Tags: Market Boom, Book Profit, Equity Market, Sensex, Nifty, Economy, Markets

Date:

Meta description: Equity markets are back near their all-time peaks, despite a weaker global economic situation. But while making portfolio decisions, think only about whether you need the money; not about where the market is

Snippet:

What’s happening? The Indian equity markets are near their all-time high levels reached in early January, 2008. The NSE Nifty, for instance, closed on 21 September 2010 at nearly 6010, just about 5% short of its alltime high of 6287. By many measures, including common sense, this is surprising. Today the Western and Japanese economies are still struggling to get out of recession. They are pulling down export demand, not to mention investor confidence. There are concerns over a Chinese slowdown too. India itself is experiencing high inflation – not exactly the most salubrious climate for investment and economic growth. Yet, equity markets are near their pre-crash peaks.


We believe that most of the current ‘boom’ is due to hot money flowing in from abroad. Weak economies in the West, coupled with individuals and institutions sitting on abundant funds are leading to too much money chasing too few investment alternatives. In finance jargon, this is called a ‘technical rally’ as against one based on fundamentals. We do not believe this bodes well for the medium to long term health of Indian markets and its investors.

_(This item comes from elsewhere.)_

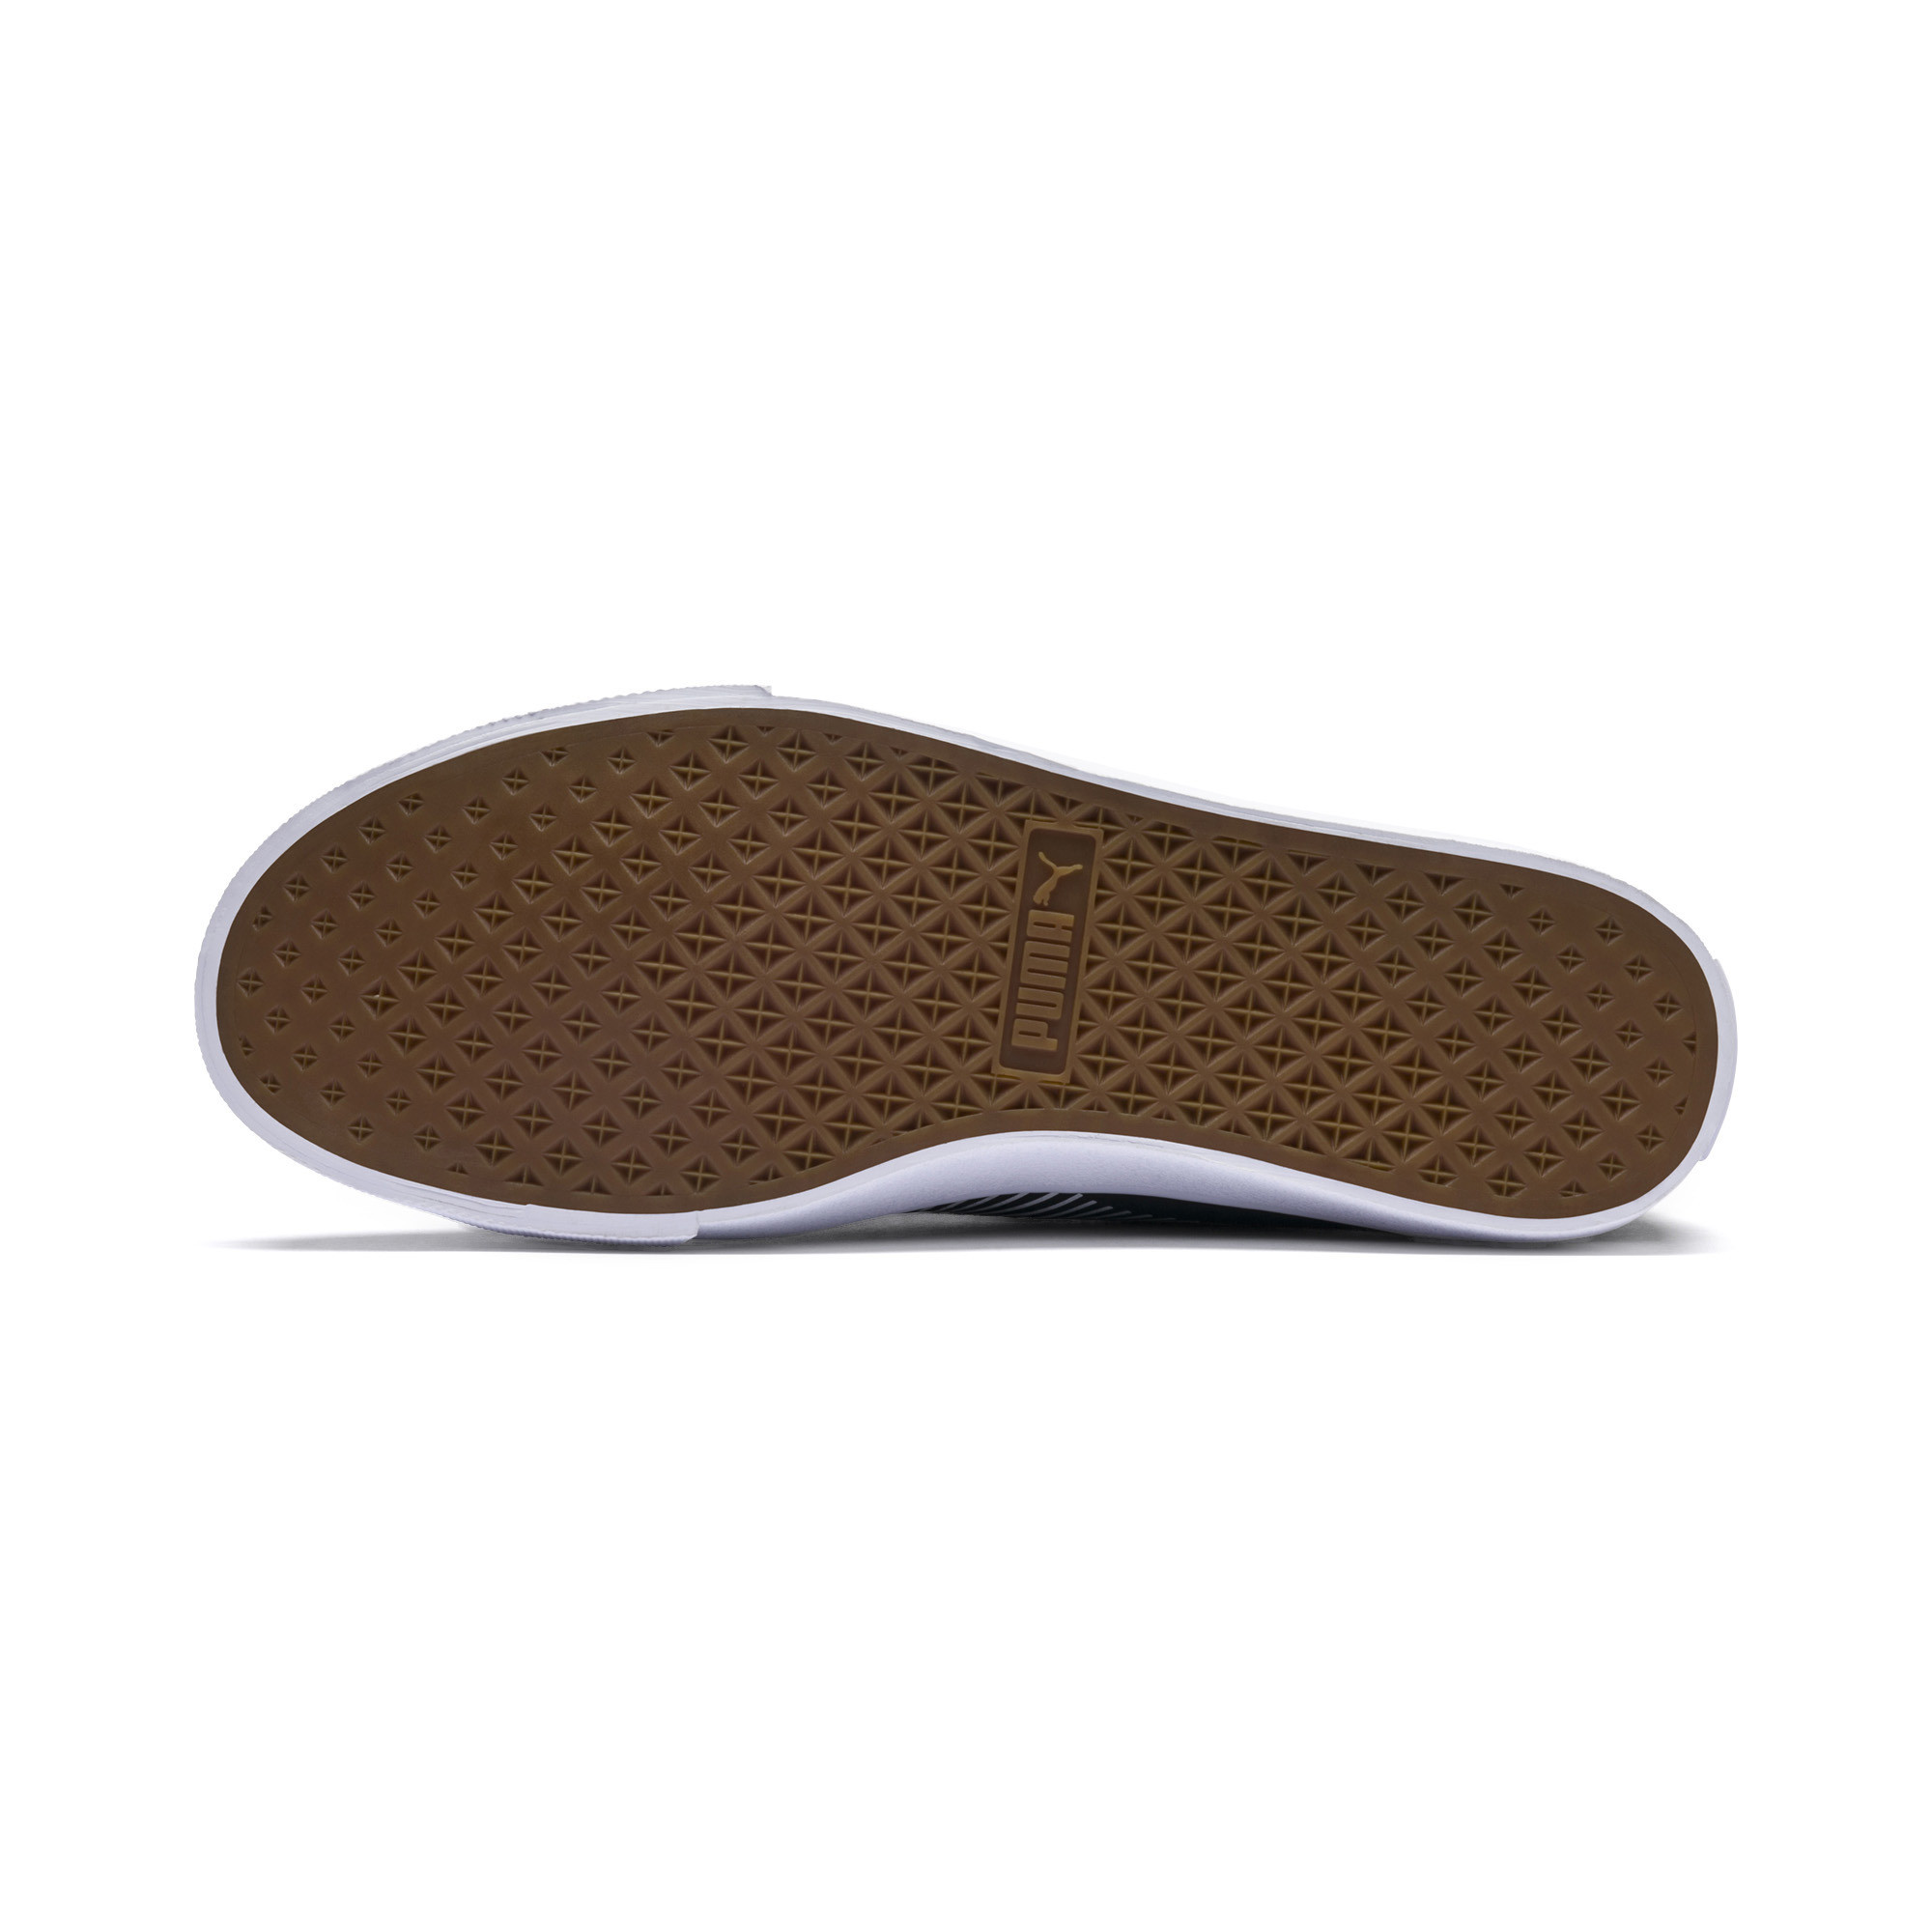 PUMA-Bari-Sneakers-Men-Shoe-Basics thumbnail 5

What does it mean for me? A common question investors ask is whether to book profits at the current highs or hold it out. The media is filled with ‘experts’, some of whom believe another crash is near, while others are confident this is the beginning of another bull run. We believe that neither camps ‘knows’ – both are simply throwing darts in the dark. First, as investors you must realise that most of these ‘experts’ are actually brokers. They do not really care whether markets move up or down or whether you lose or make money. They earn their money from brokerage as long as you trade – whether it is a ‘buy’ or a ‘sell’. Thus, they have a vested interest in exaggerating the euphoria or the fear to encourage you to unnecessarily move your portfolio around. From a more unbiased and rational viewpoint, we would say – we really do not know which way the markets would move. Nobody does, though many pretend they do! Instead of losing sleep over this, answer the following question about your portfolio: how much of this money do you need for consumption in the next 3 years? If there is some money you need within 3 years – for example a wedding coming up or planned retirement – this is a good time to start moving out of equity and into debt for that portion of the money. If you do not need money in the near future and are simply building your wealth, stay invested. Be rest assured that with India’s long term growth story in a firm footing, your wealth in equity will continue to grow. There may be short-term corrections, but you can weather them easily since you do not need the cash immediately. Remember, when markets crashed as much as 60% in 2008, many people, including these ‘experts’ believed it was the end of the equity market. Yet, in less than 3 years, markets have repaired the damage and are back to their scorching highs. A disciplined investor would have gained in the last 3-5 years, while someone who panicked in 2008 and withdrew would have lost his shirt. In summary, go by whether you need the money for consumption or not – do not worry about market levels.